When I was 10 yrs old (about 32 yrs ago!) I studied Kung Fu from a local Master in Miami Fla. His name was Moc Kan Sent. After about a year, I was no longer with him. I'm almost certain it was Choy Li Fut that he taught, but I'm not certain due to the fact I was never told what style of Kung Fu it was that he taught, and at the time I didnt consider asking. He also was in a low budget KF movie. I was wondering if anyone out there know's of, or ever heard of him. Any replies would be appreciated.
Frank Monsalve.


----------



## arnisador (Sep 2, 2003)

Cast list for Kentucky Fried Movie.

I don't see anything close! Perhaps he was a stuntman and so isn't listed?


----------



## jmarsh (Apr 22, 2016)

About Moc Kan Sent, and I'm not too sure about the spelling of the last two names.  Moc didn't have many children as students, it was mostly adults.  I do remember an Anglo man who had his two sons in the school.

When I was 21 I too was a student of Moc  which lasted for several years, Moc being the family name.  He was from a Chinese family that had come over from Cuba and his Spanish was far better than his English.  Which was good since most of his students like most of Miami were Cubans.   Moc was an amazing man and his studies in China taught him more than just Kung-Fu. He had a great deal of expertise with herbal healing which I personally benefited from.

He had his teenage son Frank teaching and an old friend of the family, an older Chinese gentleman who's name I believe was Thomas who assisted and who was my personal favorite.  If I recall correctly Thomas owned an import business and had been doing Kung-Fu since he was a small child.

The style the Moc taught was Cho Kar, I remember him once telling the advanced class that I was in.  It was the only time in the years I spent there where a style was mentioned.

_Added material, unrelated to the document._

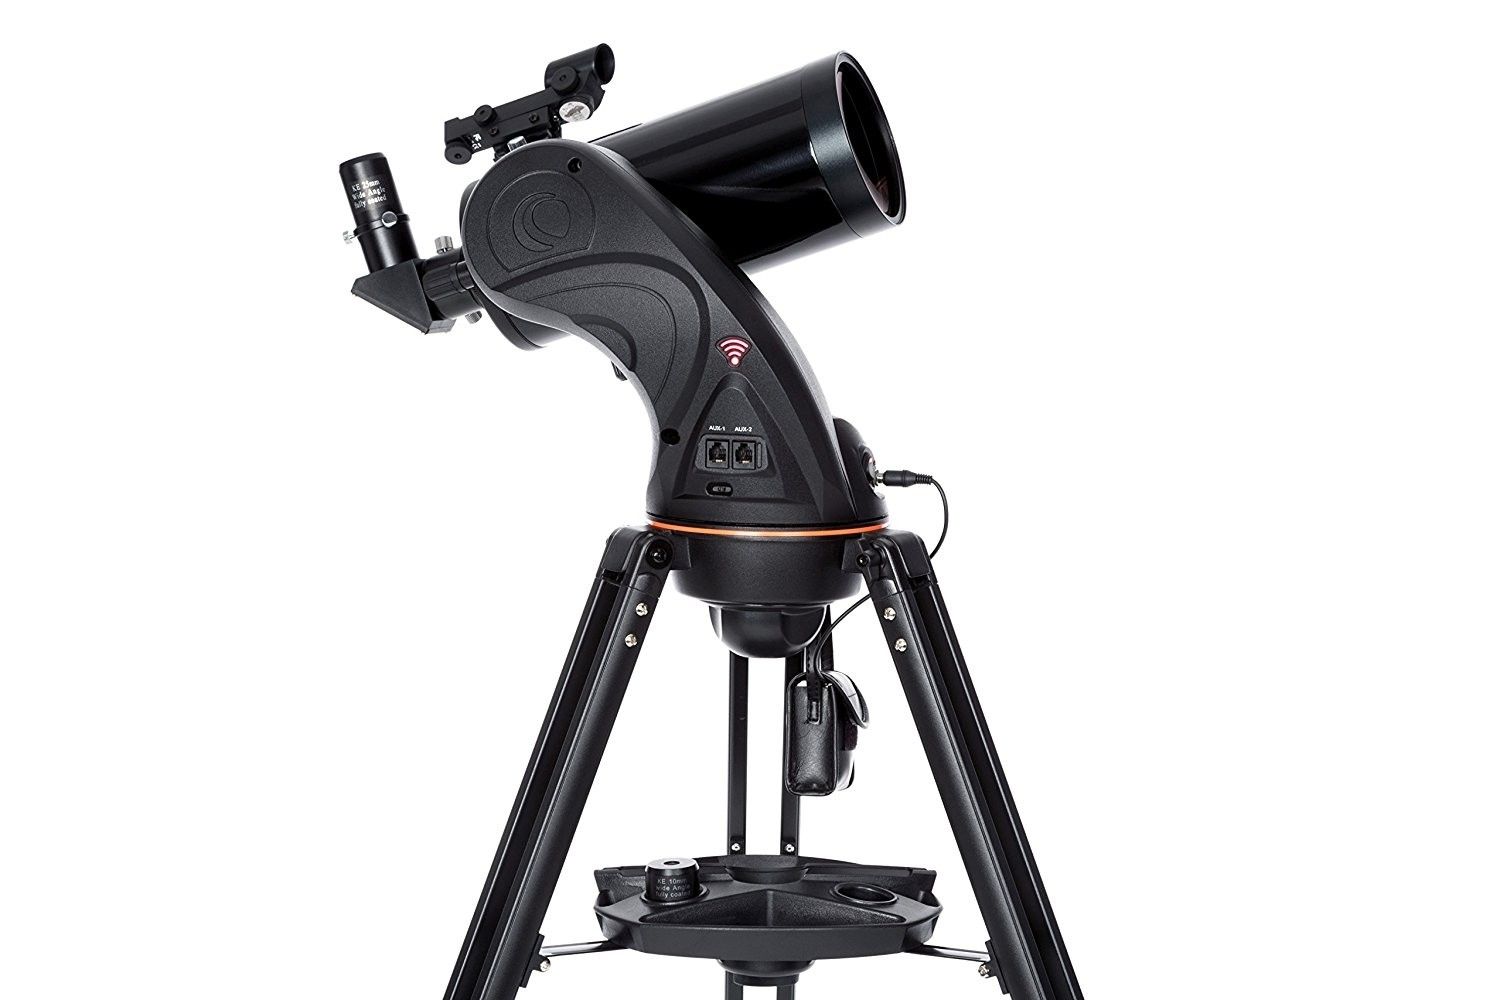 Celestron 102mm Astro-Fi Maksutov-Cassegrain Telescope 22202

He also taught Tai Chi, weapons, and the traditional Dragon dance to the advanced class.  The forms that we were taught were the same as I would be taught in the Taekwondo classes I took after Moc closed his school.

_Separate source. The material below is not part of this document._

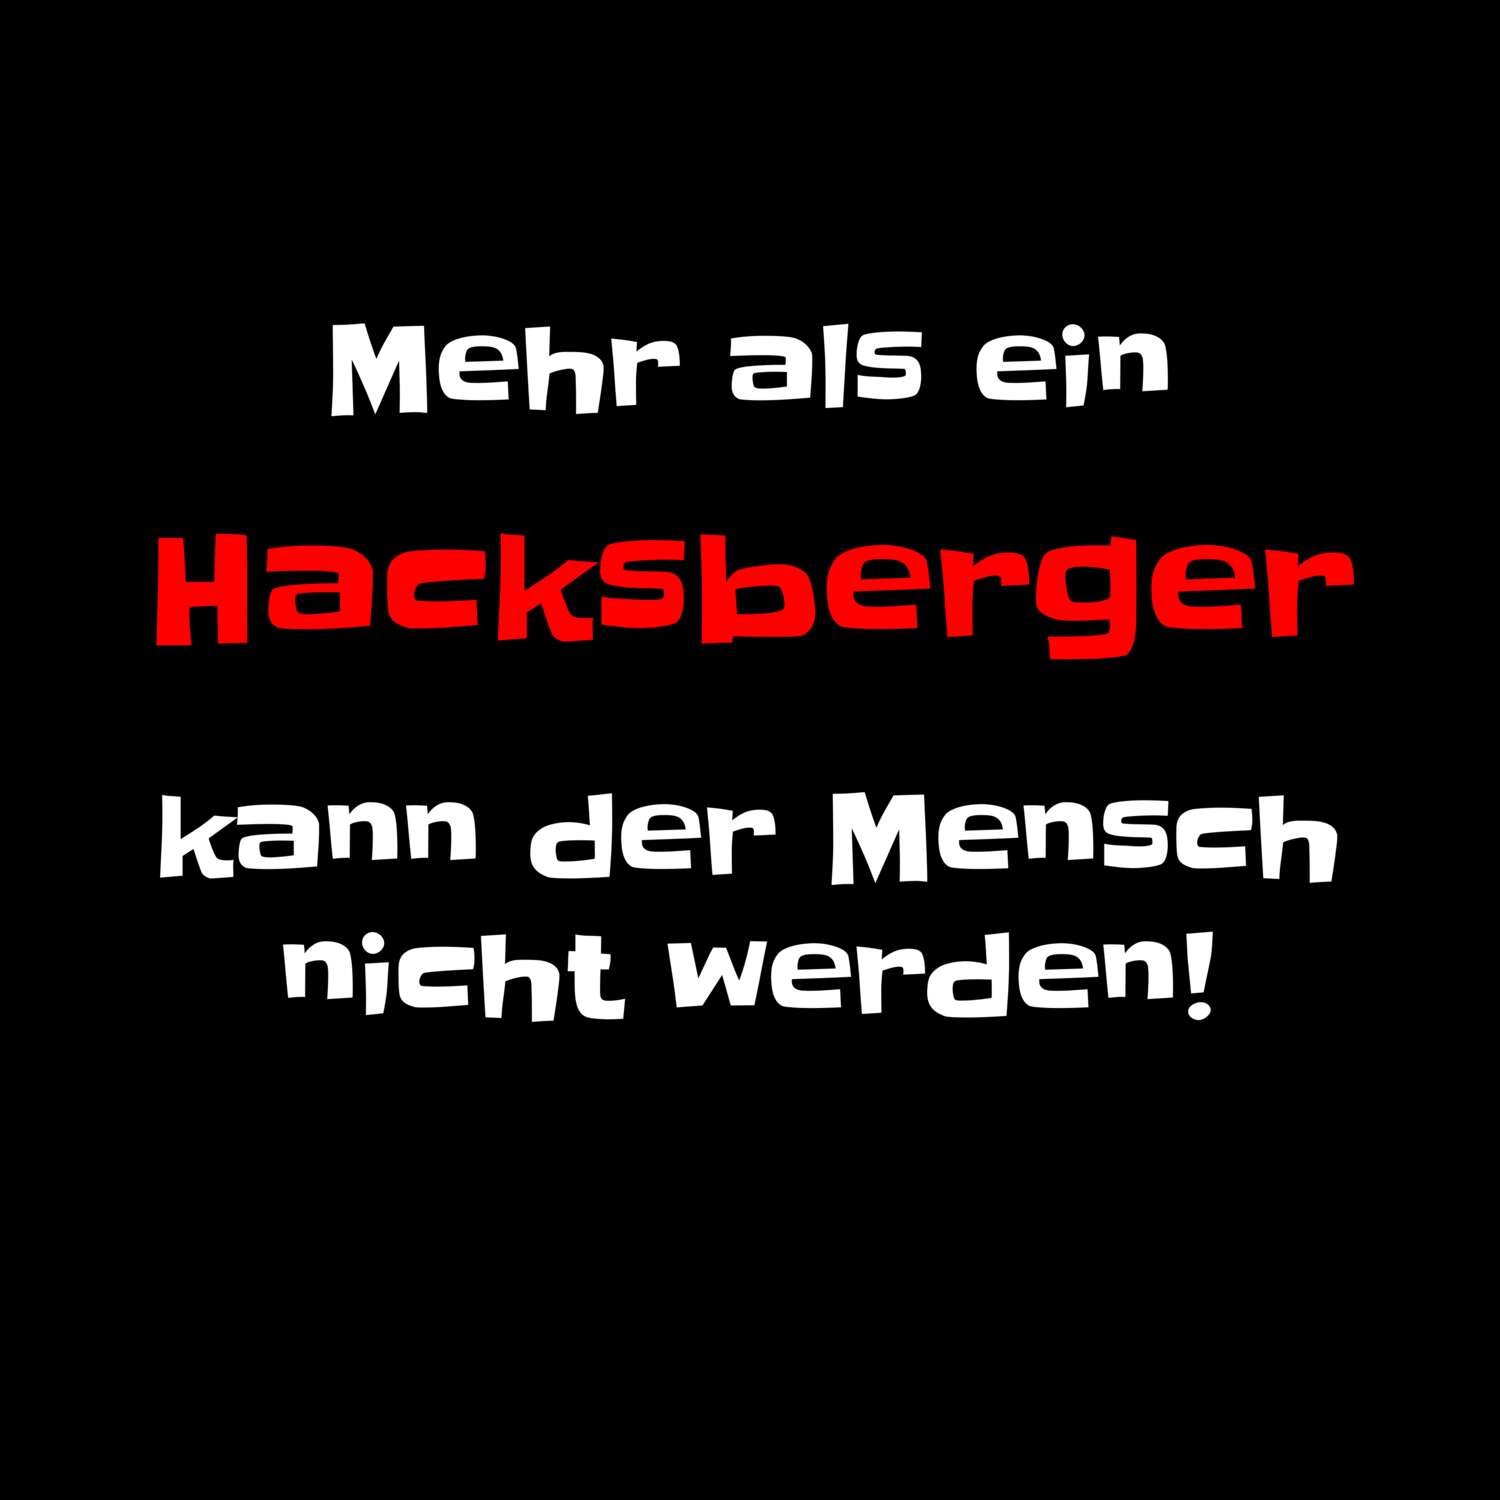 Hacksberg T-Shirt »Mehr als ein«

Many of the students in the advance class were used in his movie.  I was not one of them thankfully.  When I watch the movie it was painful, other than the one showing I don't think that it was ever shown again.   I was told that it was shopped to the Asian market but I think that the cost of the movie broke Moc.

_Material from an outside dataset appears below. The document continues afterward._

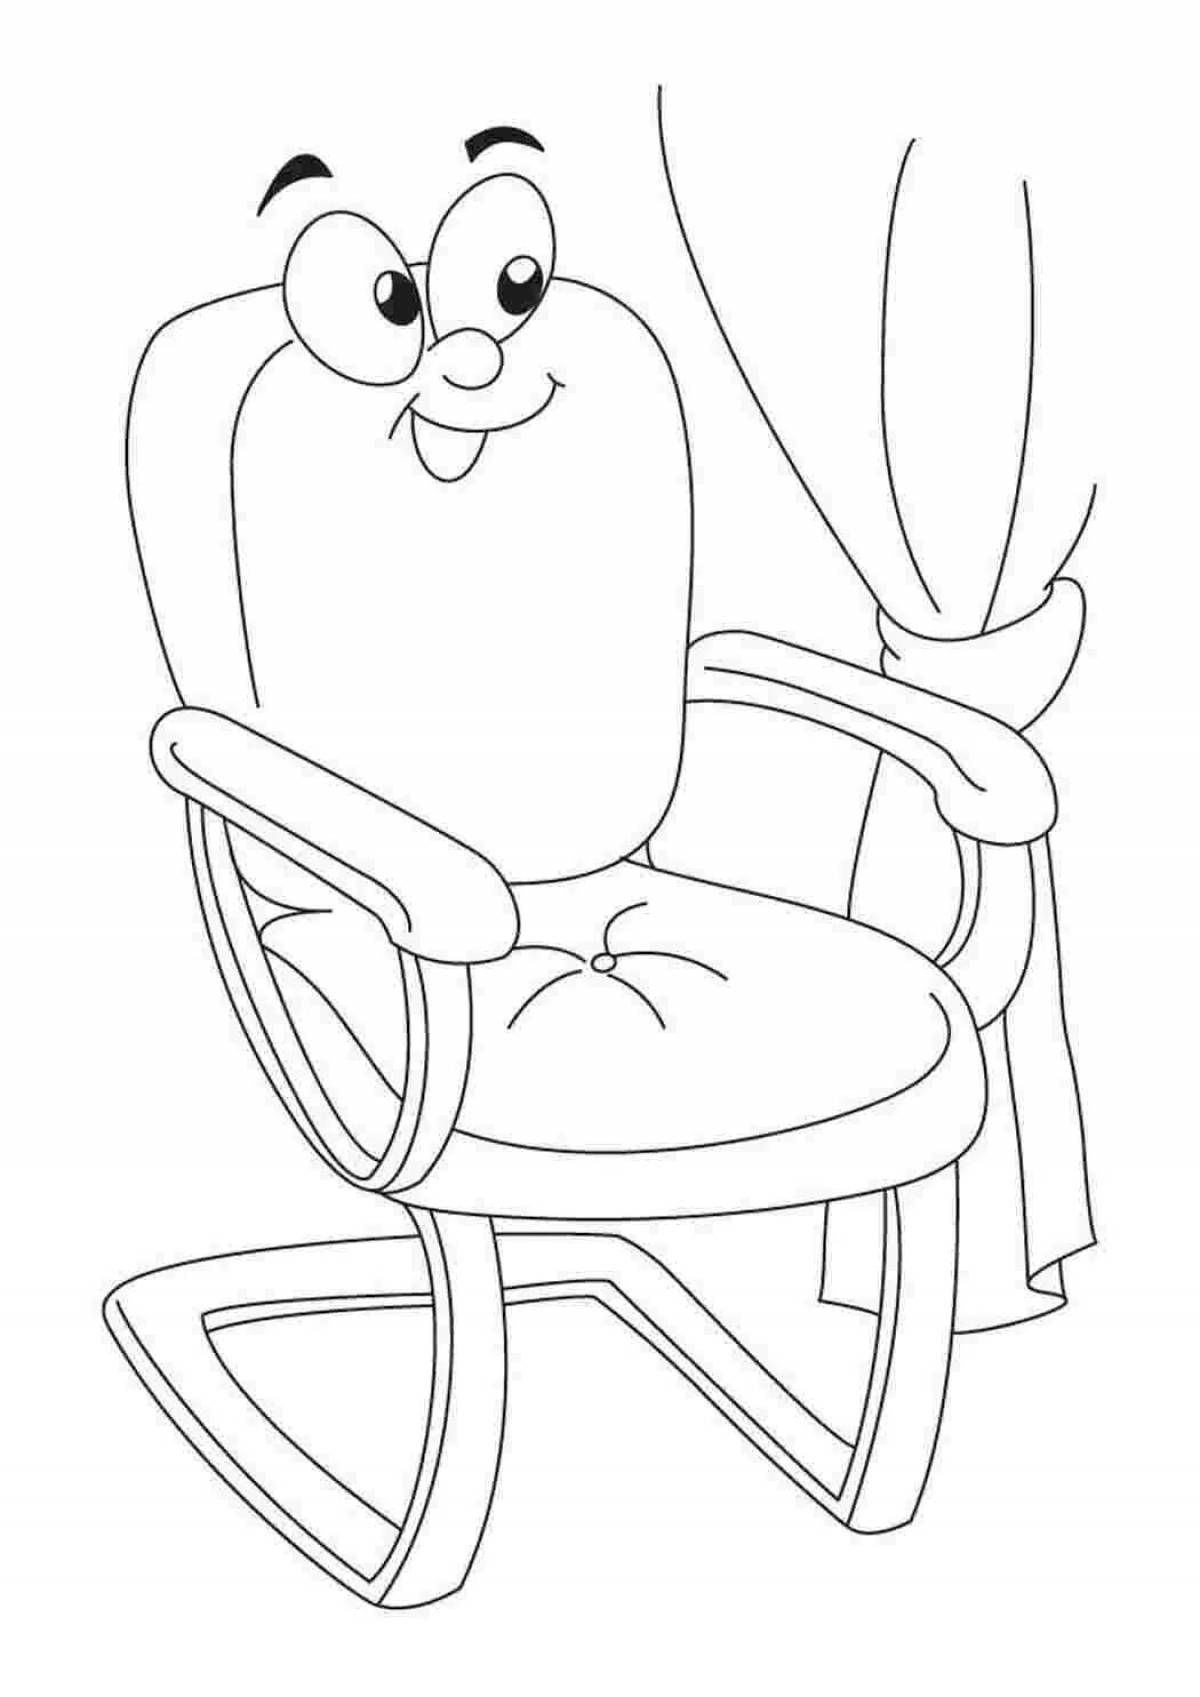 Удивительное кресло-раскраска для детей 4-5 лет

He gave up the school not long after the movie to try and make more money doing something else.  I never found another teacher with the same depth of understanding.

john


----------



## jmarsh (Apr 22, 2016)

The movie Moc Kan Sent made was called "the Deadly Touch".


----------



## Tames D (Apr 22, 2016)

jmarsh said:


> The movie Moc Kan Sent made was called "the Deadly Touch".


Welcome to MartialTalk. Thank you for the information. Hopefully Frank Monsalve (original poster) is still active on this site and will see your response.


----------